Randy Ribay: Even though you have these earlier moments where Filipinos aboard Spanish ships ended up in Morro Bay in the 1500s, many went back to Spain. Then, there were others who were in Louisiana, too, but there’s just so little known about that community. It’s all super interesting, but I felt like it was beyond my research capabilities to find out enough about those communities to write about them. So, for me, it made a lot of sense to start with this first major wave of immigration in the 1900s. My family came over in the 1980s, so I don’t trace my own roots back to that generation of Filipinos who came over in the 1920s and ‘30s. I moved to California about eight years ago now and saw that a lot of Filipinos here trace their ancestry to those immigrants. That history is present here, so as I was working on the story, it was very much at the front of my mind.

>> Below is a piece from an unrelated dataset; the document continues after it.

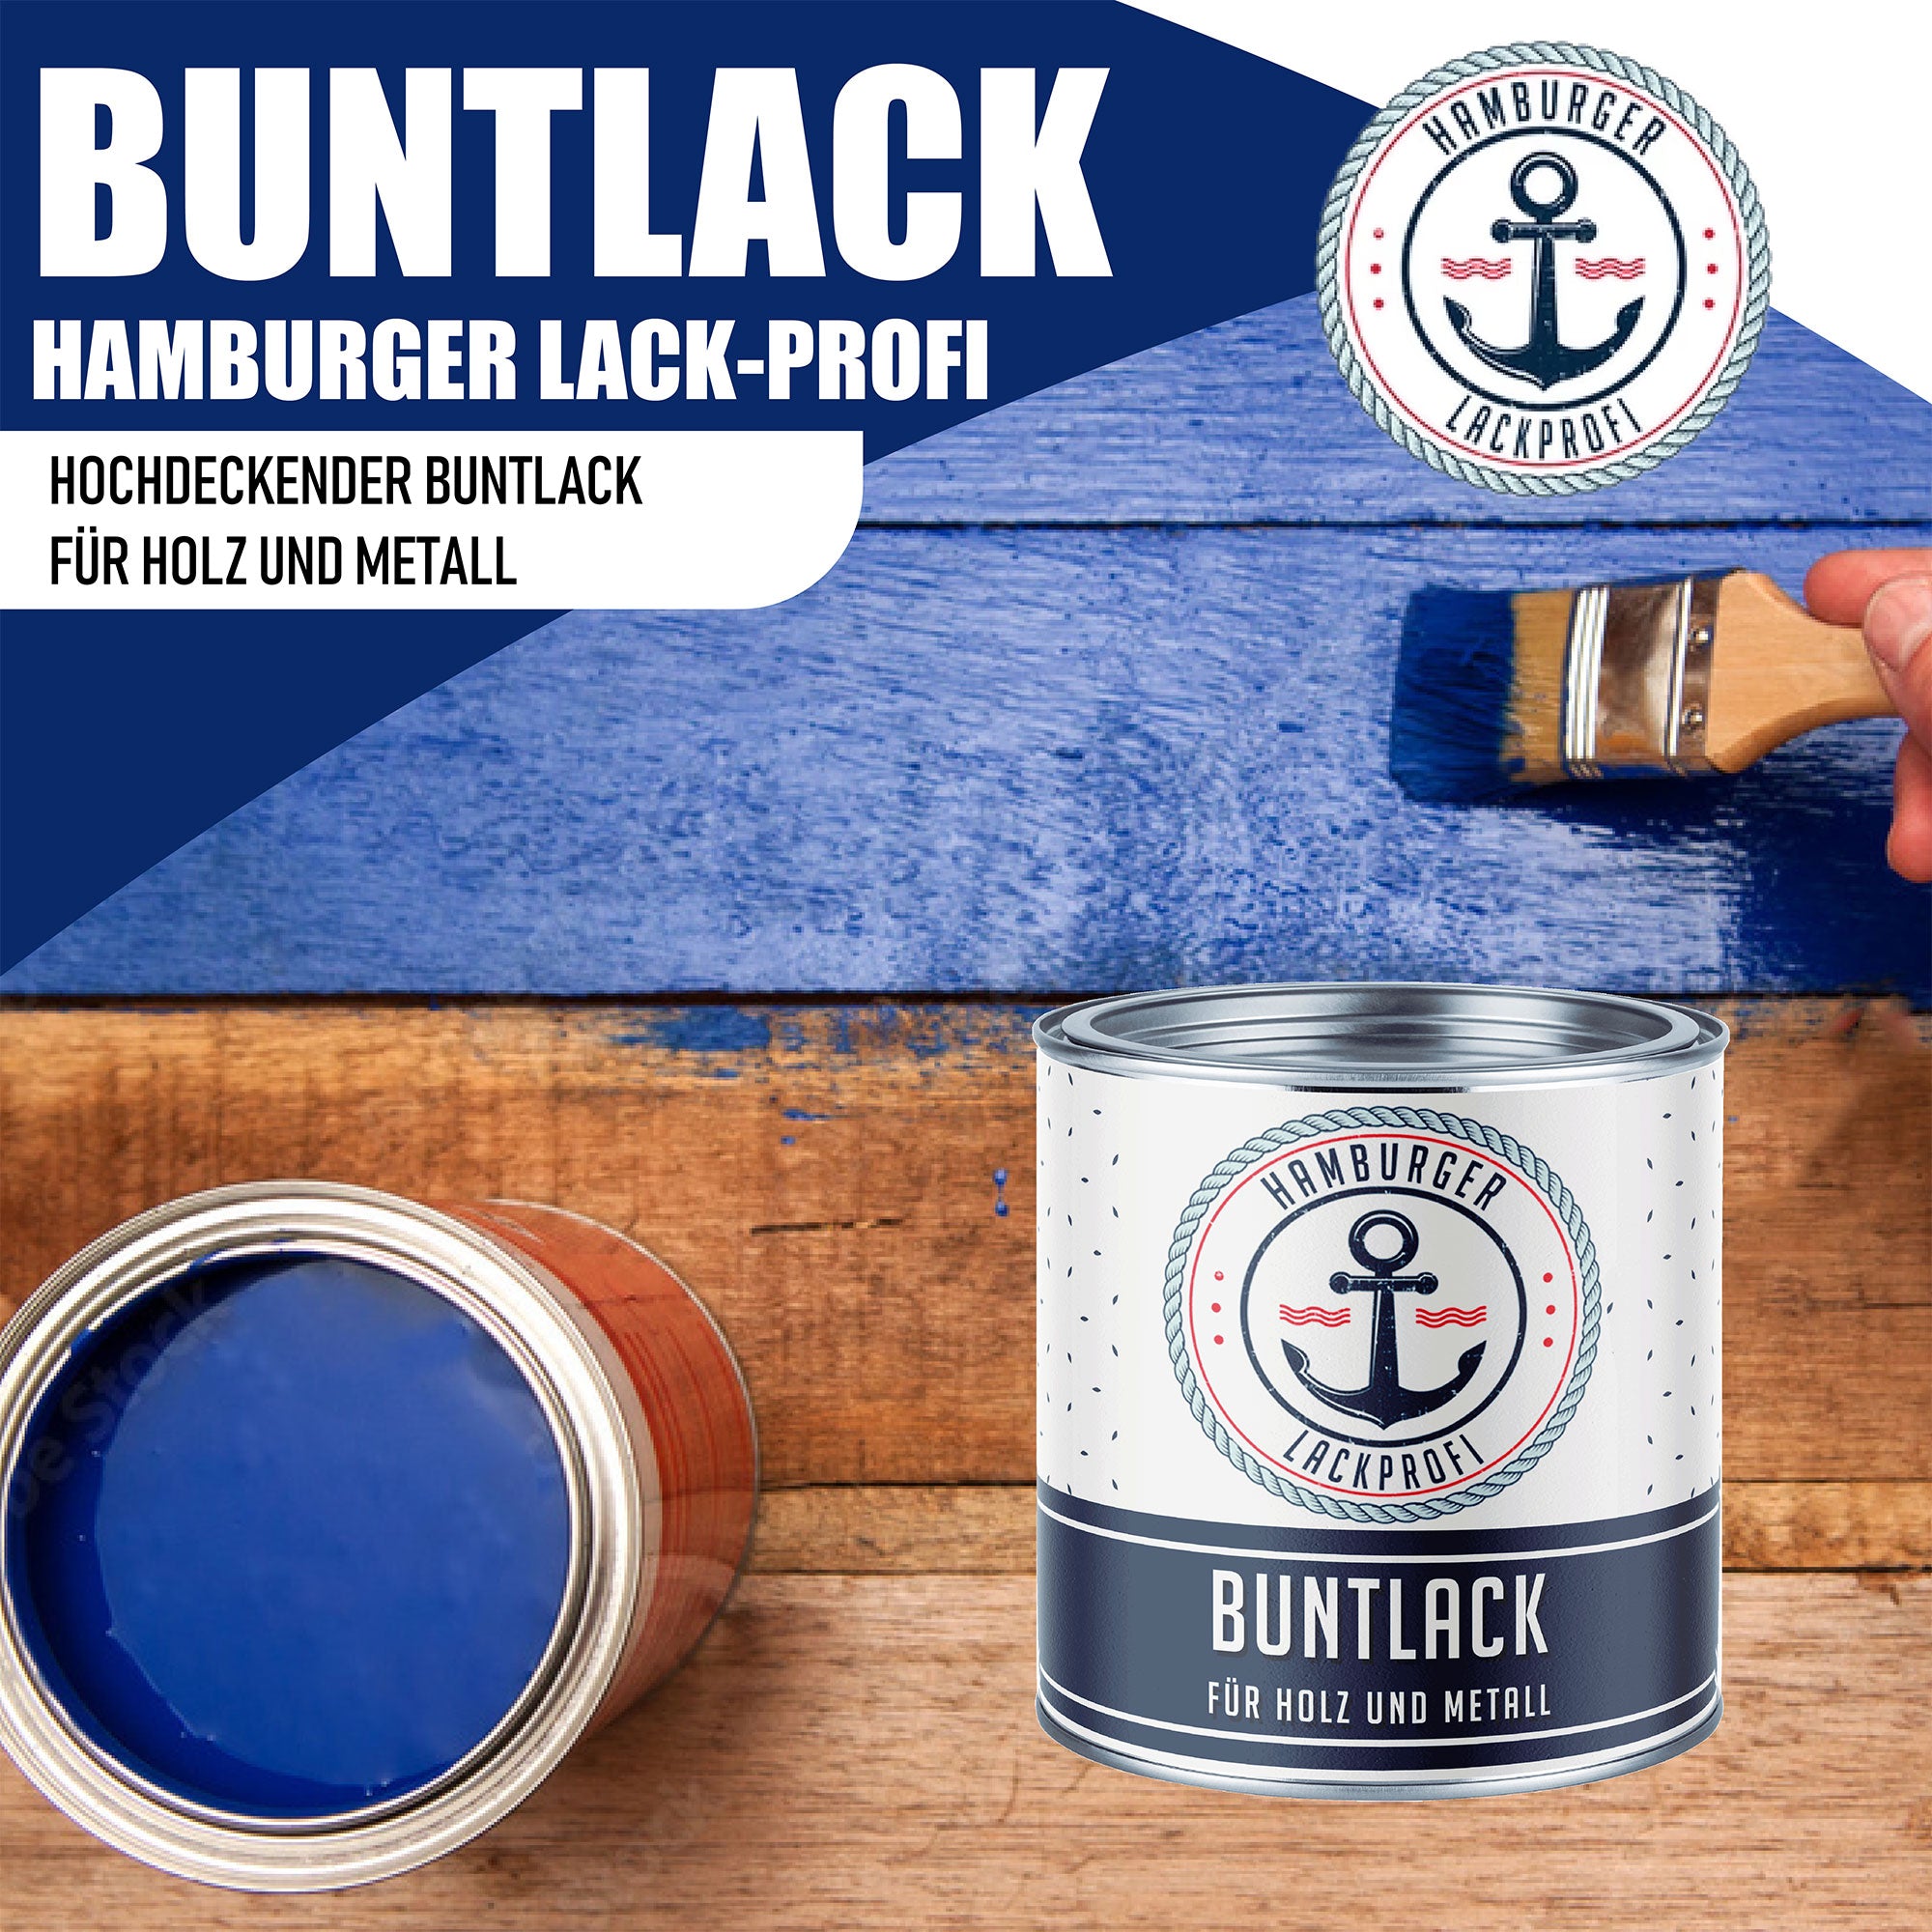 Hamburger Lack-Profi Buntlack Grasgrün RAL 6010 - Robuster Kunstharzlack

Even the neighborhood I’m in is close to where, historically, the Filipino American population in the city lived, so it all feels very alive and very pertinent to me, even if my own family doesn’t trace to those roots.
Rumpus: Many accounts of immigrant experiences, especially of the working class, are often flattened or nonexistent. How did you research the book? Were there any sources of research that surprised you in their depth?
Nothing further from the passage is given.